Obduskey v. McCarthy & Holthus LLP

Summarized by:

  • Court: United States Supreme Court
  • Area(s) of Law: Consumer Credit
  • Date Filed: March 20, 2019
  • Case #: 17-1307
  • Judge(s)/Court Below: BREYER, J., delivered the opinion for a unanimous Court. SOTOMAYOR, J., filed a concurring opinion.
  • Full Text Opinion

A business engaged only in nonjudicial foreclosure proceedings does not constitute a debt collector under section 1692a(6) of the Fair Debt Collection Practices Act (FDCPA), with the exception of the limited purpose definition of section 1692f(6).

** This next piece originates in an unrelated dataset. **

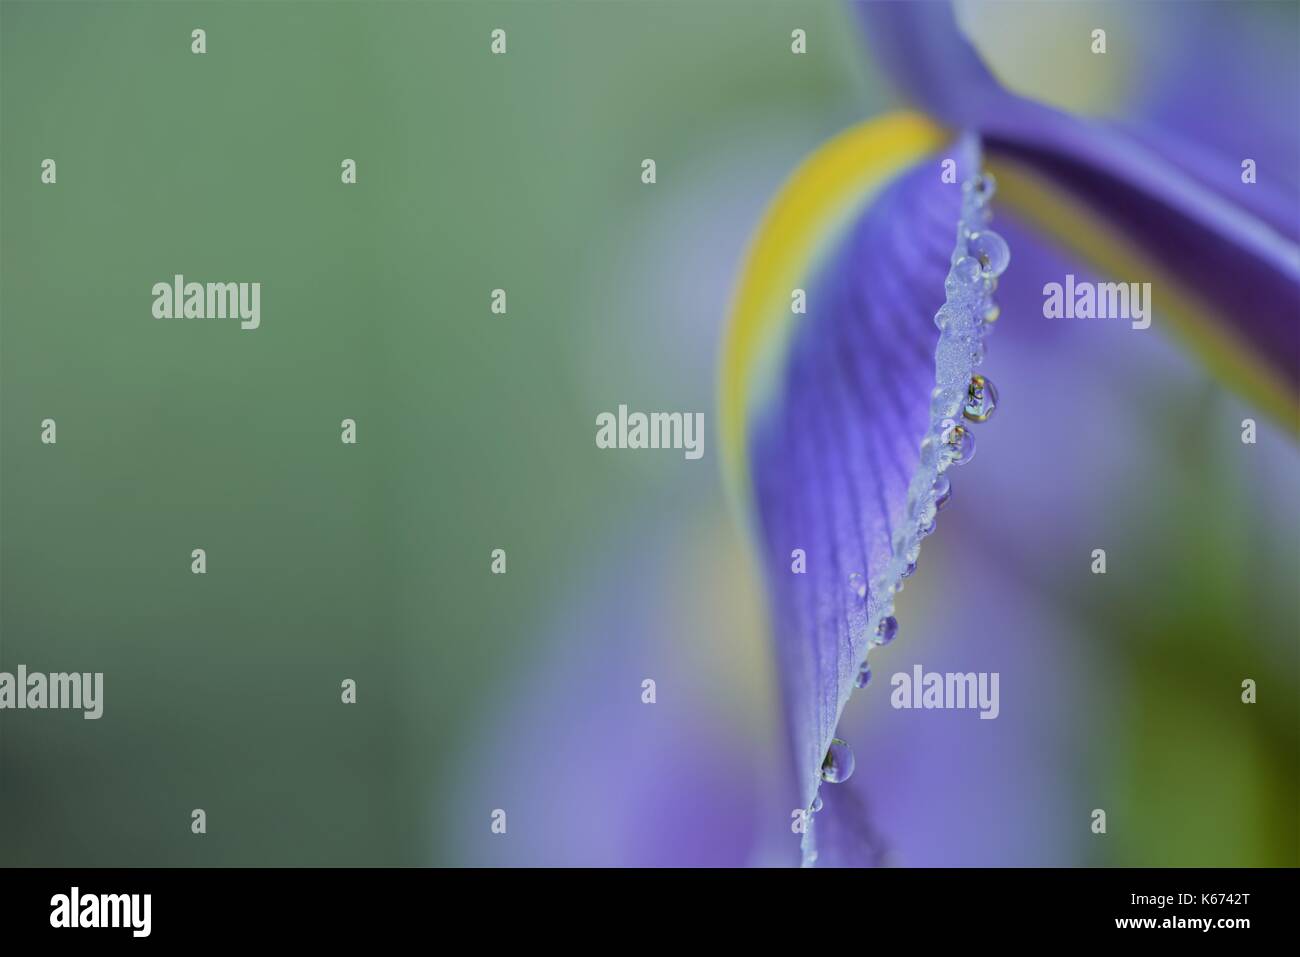 Nahaufnahme Makro Blume fotografie Bild mit violett blau Farbe Iris mit Regen fällt auf die Blütenblätter und grünen Garten blur Hintergrund und Kopie Raum Stockfoto
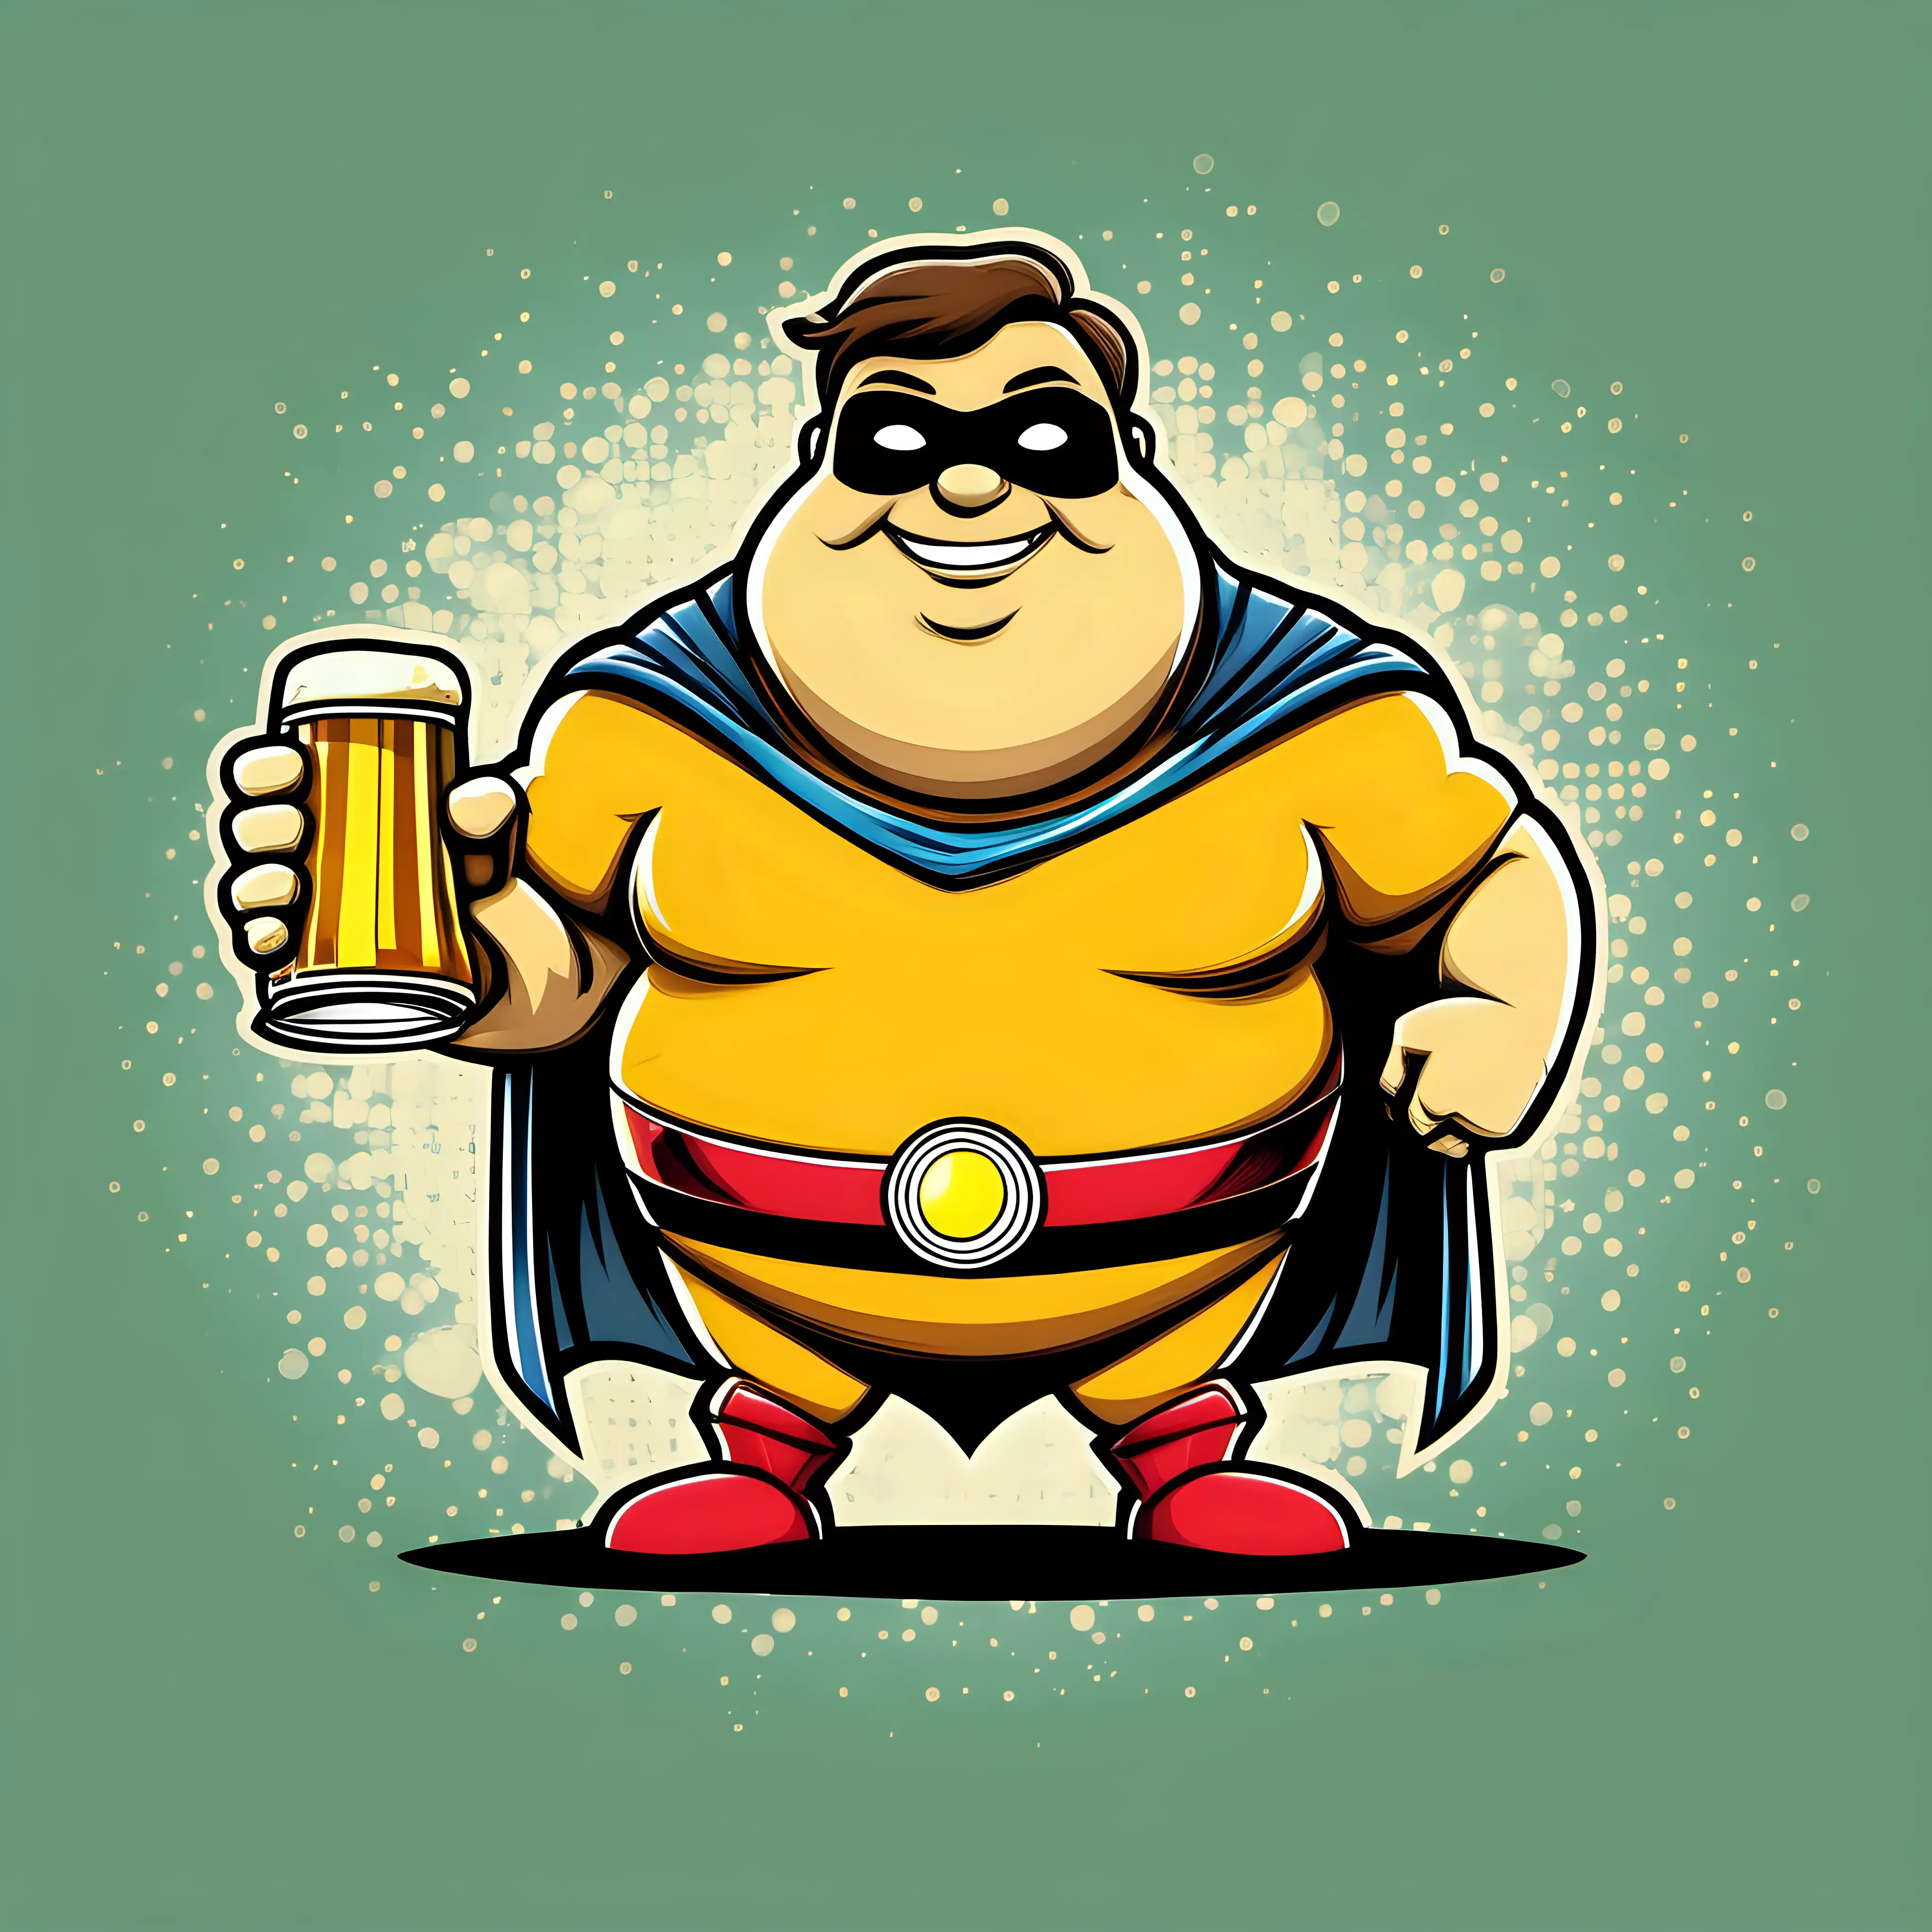 Cheerful Chubby Superhero Beerman Enjoying a Frothy Brew

Petitioner purchased a home with a loan secured by the property and subsequently defaulted. The bank hired Respondent to act as an agent in commencing a nonjudicial foreclosure. Petitioner filed a lawsuit alleging that Respondent violated the Fair Debt Collection Practices Act’s (Act) requirement that a “debt collector” cease collection and obtain verification of a debt when a consumer disputes the amount due. The district court dismissed the suit and the Tenth Circuit affirmed, concluding that Respondent did not constitute a “debt collector” subject to the verification procedure. The Supreme Court agreed, first citing that the text of the Act, which contained a sentence noting that a “debt collector” also included businesses that principally enforce a security interest. The Court reasoned that the use of the term “also” suggested such inclusion was in addition to, and thus separate from, the definition provided in the Act’s primary definition. The Court also reasoned that the disparate treatment between enforcement of a security interest and general debt collection likely resulted from Congress’s desire to avoid conflicts with state nonjudicial foreclosure schemes. Finally, the Court cited legislative history as confirming such a reading through a compromise between two versions of the Act. AFFIRMED.